Son engagement à la liberté d’expression l’a vu défendre les tristement célèbres caricatures danoises du prophète Mahomet qui ont provoqué des émeutes à travers le Moyen-Orient en 2005; il l’a vu proposer de témoigner pour la défense d’un homme arrêté pour avoir tenu des propos homophobes en public; il l’a également amené à défendre un boulanger chrétien qui a été reconnu coupable de discrimination sexuelle pour avoir refusé de décorer un gâteau avec les mots « Je soutiens le mariage homosexuel ».
Le dévouement de Tatchell à la liberté d’expression l’a amené à protester contre des tentatives des militants transgenres d’interdire un petit nombre de féministes (qui ont fait des remarques offensantes sur les transgenres ou remis en question la validité de leurs identités) lors des discussions dans des universités et autres institutions. Tatchell est un fervent défenseur des droits des transgenres, mais croit que « le moyen le plus efficace de vaincre les idées sectaires n’est pas de proscrire mais de les défier et de les dénoncer ».
Tatchell est depuis longtemps un critique acerbe de la pratique dangereuse connue sous le nom de « thérapie de conversion » pour les personnes LGBTQI+. En 2021, en réponse à l’inaction du gouvernement britannique face à sa promesse de 2018 d’interdire la thérapie de conversion, Tatchell a lancé la campagne stop Dithering
En 2022, il a de nouveau critiqué le gouvernement britannique pour son approche de la thérapie de conversion, cette fois pour ne pas avoir inclus les personnes transgenres dans son plan d’interdiction. Il a dit:
« Une interdiction de la thérapie de conversion qui n’inclut pas les personnes trans n’est pas du tout une véritable interdiction. Exclure les personnes trans de la protection contre les pratiques de conversion abusives et nuisibles est honteux. C’est une trahison impitoyable qui laissera les personnes trans vulnérables à la merci des exorcismes, des coups, du chantage émotionnel et des blessures psychologiques. »
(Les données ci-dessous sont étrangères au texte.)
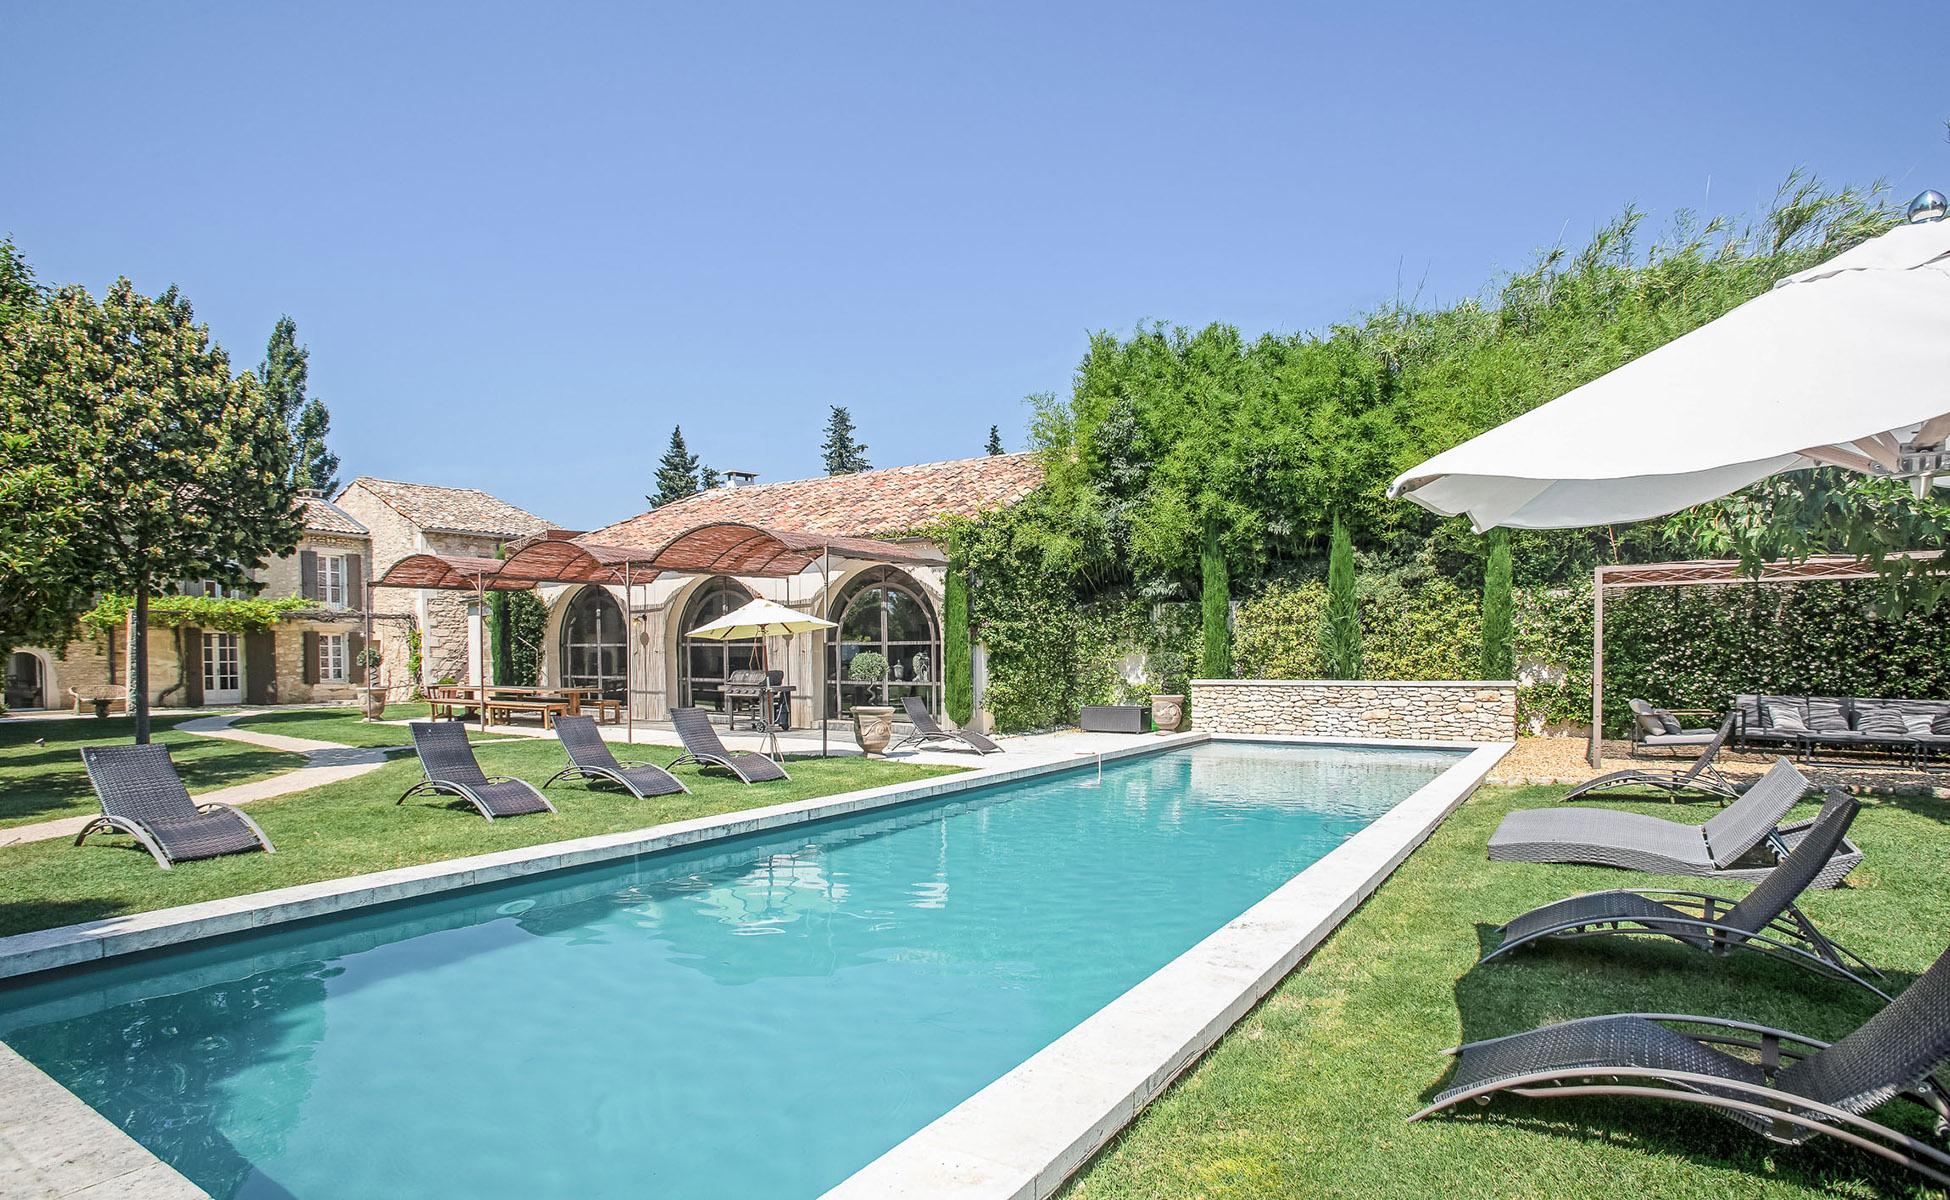 Lovelydays luxury service apartment rental - St Rémy de Provence and surroundings - Ameu Mas - Partner - 6 bedrooms - 6 bathrooms - Outside swimming pool - 894318d88a39 - Lovelydays
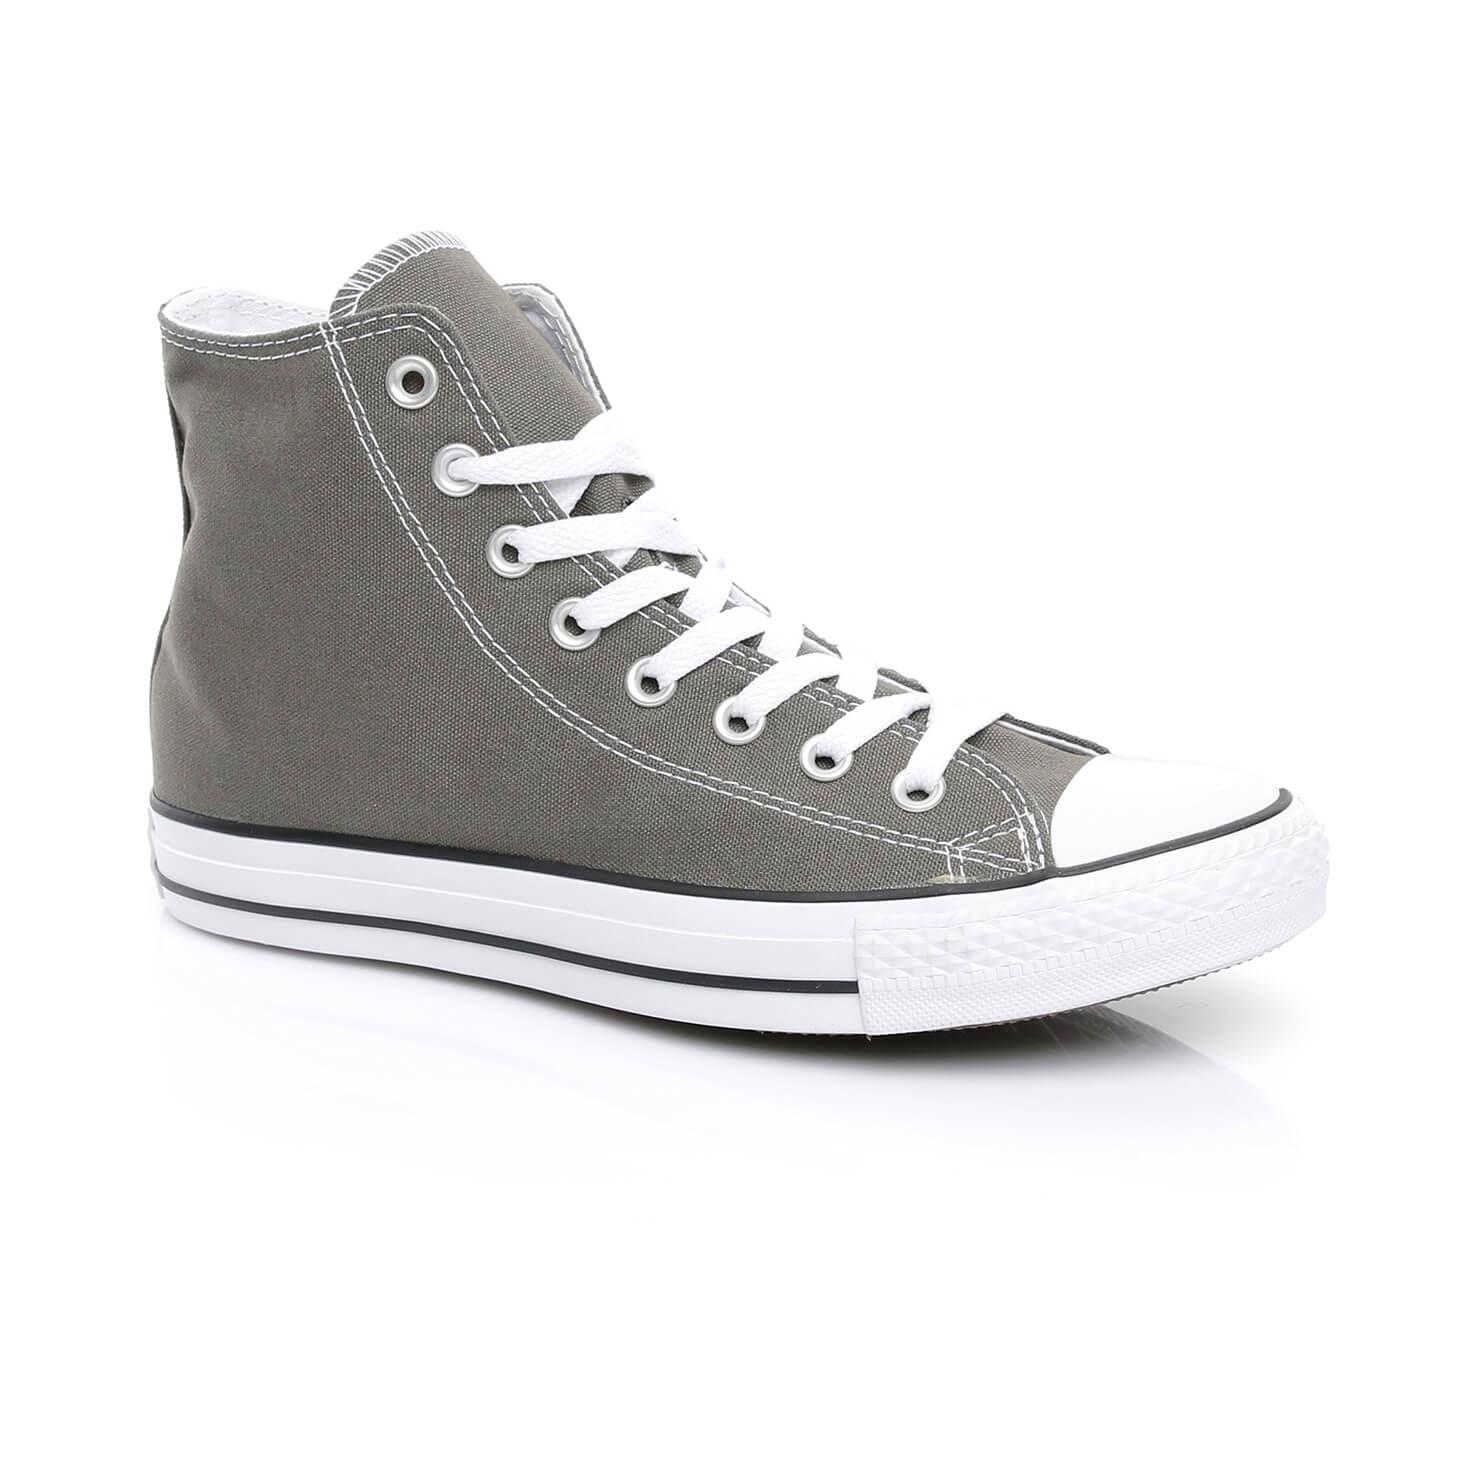 Converse Chuck Taylor All Star Hi Unisex Gri Sneaker

En juin 2023, la Fondation Peter Tatchell a lancé la campagne #ApologiseNow, exigeant que les services de police britanniques reconnaissent publiquement – et s’excusent pour – la persécution à laquelle ils ont soumis les personnes LGBTQI+ pendant des décennies. En avril 2024, 16 chefs de police avaient publiquement présenté leurs excuses pour l’application de la loi discriminatoire historique menée par leurs forces.
Peter Tatchell a reçu de nombreux prix pour son travail. En 2006, il a été classé comme l’un des héros de notre temps par le New Statesman. En 2009, l’Observer l’a nommé Militant de l’année, et en 2012, il a reçu un Prix Lifetime Achievement aux UK Diversity Awards. Les 55 ans de campagne de Tatchell pour les droits humains ont été reconnus par le Prix Sheila McKechnie pour l’excellence à long terme en 2022. Actuellement, il est le directeur de la Fondation Peter Tatchell, une organisation à but non lucratif de défense des droits humains.